Syntactic Systems Cannot See Semantic Invariants

We start from a small open question, where Hetzl and Vierling asked whether two theories of induction, open induction and clause set cycles, are incomparable. They proved one direction and left the other open. Here we close it, and the proof is almost embarrassingly short, because the rules for addition can only fire when the first argument is $0$ or a successor, a Skolem constant is neither, so the terms $a{+}b$ and $b{+}a$ can never be touched, and a machine that can never touch them can never prove they are equal. The thing that separates the two theories is the order of two constants, and that order is a fact about numbers, not about symbols. We extract from this proof a small general principle, the Syntactic Invariance Principle, that names the shape of such arguments.
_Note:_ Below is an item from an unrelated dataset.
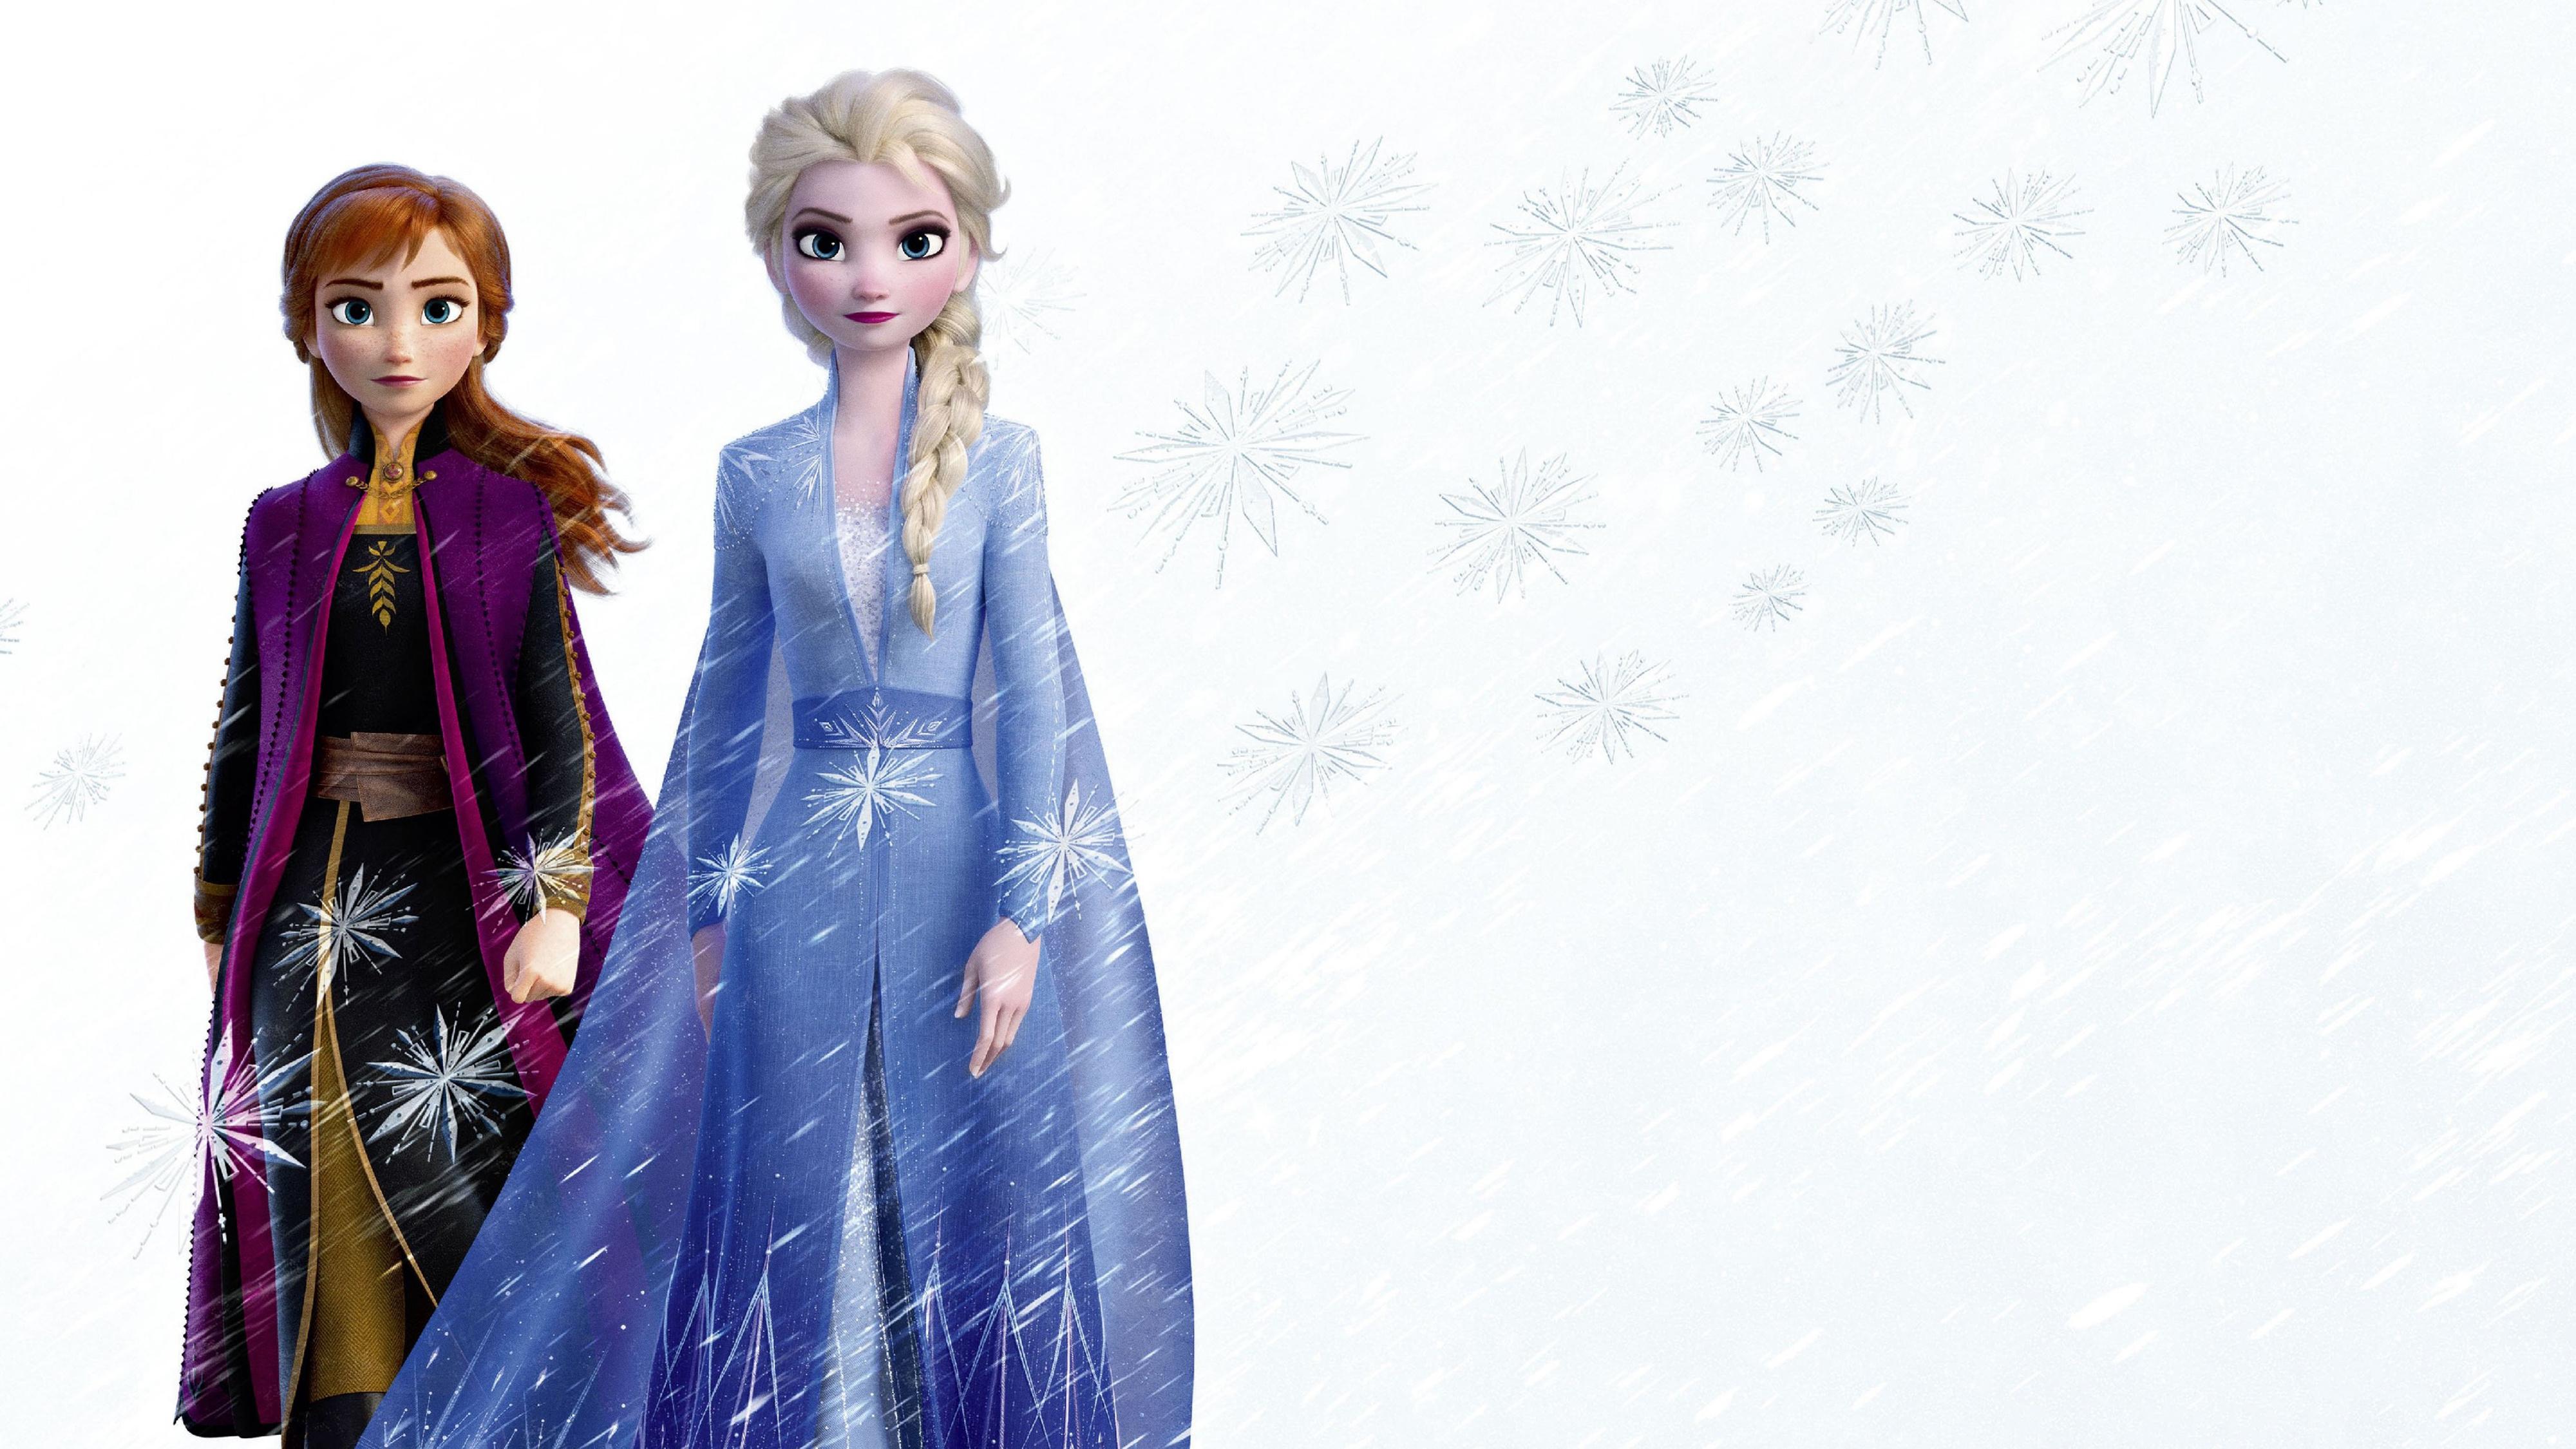 Картинка Дисней Холодное сердце косы Anna, Elsa 3д Мультики молодые женщины Disney Коса косички мультик девушка Девушки 3D Графика Мультфильмы молодая женщина

We then close with a few speculative remarks on how this same shape appears, informally, in the known barriers to settling $\mathsf{P}$ versus $\mathsf{NP}$, where each barrier seems to point to a level of description that the techniques in the barrier cannot reach. We raise this as a suggestion rather than a theorem, since the analogy is real but we do not push it past the point where we can defend it. Along the way we raise an open question that the analogy suggests but does not settle, on whether a fast algorithm for $\SAT$, were it to exist, would always be exhibitable as a machine you can write down or whether it could be found, in some cases, only as a function on the numbers.